ClickHouse / clickhouse-js

Official JS client for ClickHouse DB
https://clickhouse.com
Apache License 2.0
209 stars 25 forks source link

Sending SQL query params in the URI can hit URI limits and respond with a 414 #140

Closed alexmorleyfinch closed 1 year ago

alexmorleyfinch commented 1 year ago

Describe the bug

When sending a query over the HTTP interface (using this lib), if the query_params option is too big, we run into HTTP URI limits. 414 Request-URI Too Large

The reason our query_params is so large is because we're using a WHERE...IN clause. The obvious fix/workaround is to have smaller batches and thus make smaller queries, however this affects our throughput overhead.

I was wondering if there is any scope/ability to pass the query params in the HTTP body instead of the URL query string.

You could argue that this isn't necessary and the current workaround is sufficient, but I thought I'd ask.

Steps to reproduce

Write a query with very large query_params, like so:

const visitorIds = Array(5000).fill(undefined).map((_, i) => `visitor${i}`); // the point is to make this BIG

const resultSet = await this.client.query({
    query: `SELECT * FROM test WHERE visitorId IN splitByChar(',', {visitorIds:String}),
    query_params: {
      visitorIds: visitorIds.join(','),
    },
});

const dataset = await resultSet.json();

// etc

If you run something like the above, you will see a HTTP 414 response error because the HTTP request made by the client is too large

Expected behaviour

I'd expect to be able to send the query params over the BODY instead of being part of the URI, and I'd expect to be able to configure this via the client interface somehow.

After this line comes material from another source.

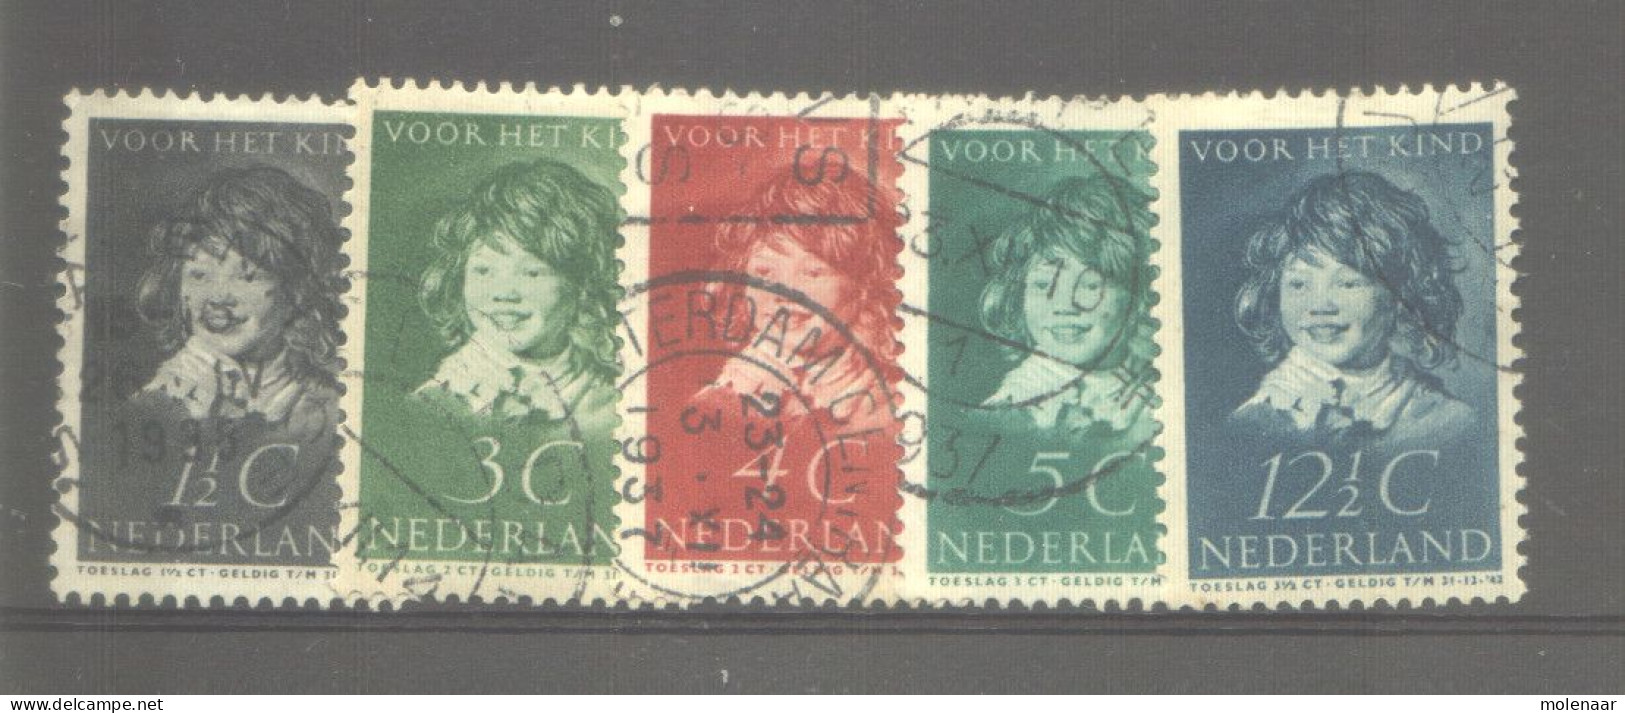 Postzegels > Europa > Nederland > Periode 1891-1948 (Wilhelmina) > 1891-1909 > 300 -304 Gebruikt (11769) - Usados
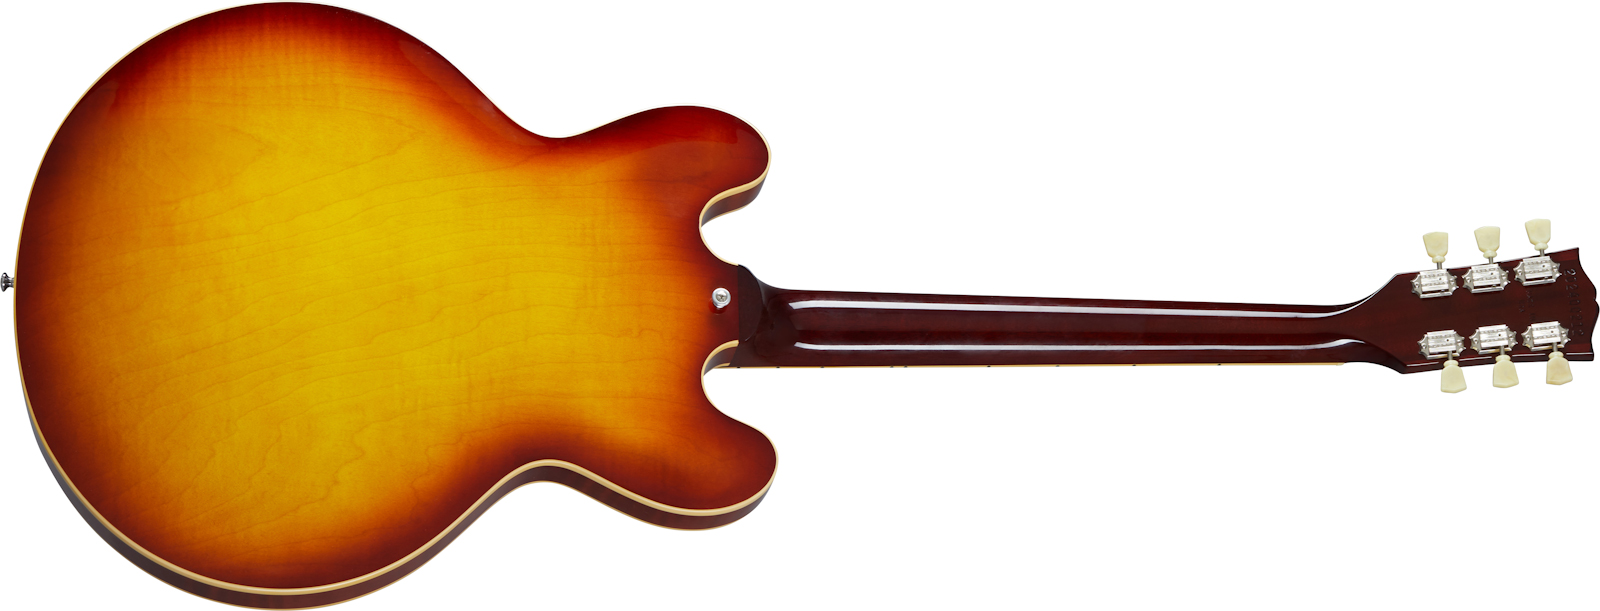 Gibson Es-335 Figured Original 2020 2h Ht Rw - Iced Tea - Semi hollow elektriche gitaar - Variation 1

Like clickhouse_settings: {send_params_as_body: true}} or something similar.

I appreciate this change would also require ClickHouse to handle this also, which requires additional collaboration.

Code example

Proposed fix?

const resultSet = await this.client.query({
    query: `SELECT * FROM test WHERE visitorId IN splitByChar(',', {visitorIds:String}),
    query_params: {
      visitorIds: visitorIds.join(','),
    },
    clickhouse_settings: {
      some_option_to_send_params_as_body_instead: true,
    }
});

Error log

Error: <html>
<head><title>414 Request-URI Too Large</title></head>
<body>
<center><h1>414 Request-URI Too Large</h1></center>
</body>
</html>

    at parseError (/home/admin/82df98d7a6f1f8e536b97a6c49ef845a432b4869/node_modules/@clickhouse/client/dist/error/parse_error.js:35:16)
    at ClientRequest.onResponse (/home/admin/82df98d7a6f1f8e536b97a6c49ef845a432b4869/node_modules/@clickhouse/client/dist/connection/adapter/base_http_adapter.js:127:51)
    at process.processTicksAndRejections (node:internal/process/task_queues:95:5)

Configuration

All default except:

{
    host: url + ':' + port,
    username: username,
    password: password,
    log: debug ? {LoggerClass: DefaultLogger} : undefined,

    // When using a debugger, it's helpful to extend these timeouts
    connect_timeout: __DEV__ ? 1 * 60 * 1000 : undefined, // 1 minutes for dev, or default
    request_timeout: __DEV__ ? 10 * 60 * 1000 : undefined, // 10 minutes for dev, or default
}

Environment

ClickHouse server

slvrtrn commented 1 year ago

Is it CH Cloud or on-premise deployment?

Could it be that it's an LB or proxy that has a request size limitation?

You could also try increasing http_max_uri_size (see the docs), cause it's 1 Megabyte by default:

The size of the URL is limited to 1 MiB by default, this can be changed with the http_max_uri_size setting

alexmorleyfinch commented 1 year ago

It is hosted on AWS and I think it could be a LB issue. I missed the http_max_uri_size option so I will attempt that!

Thank you very much for your response!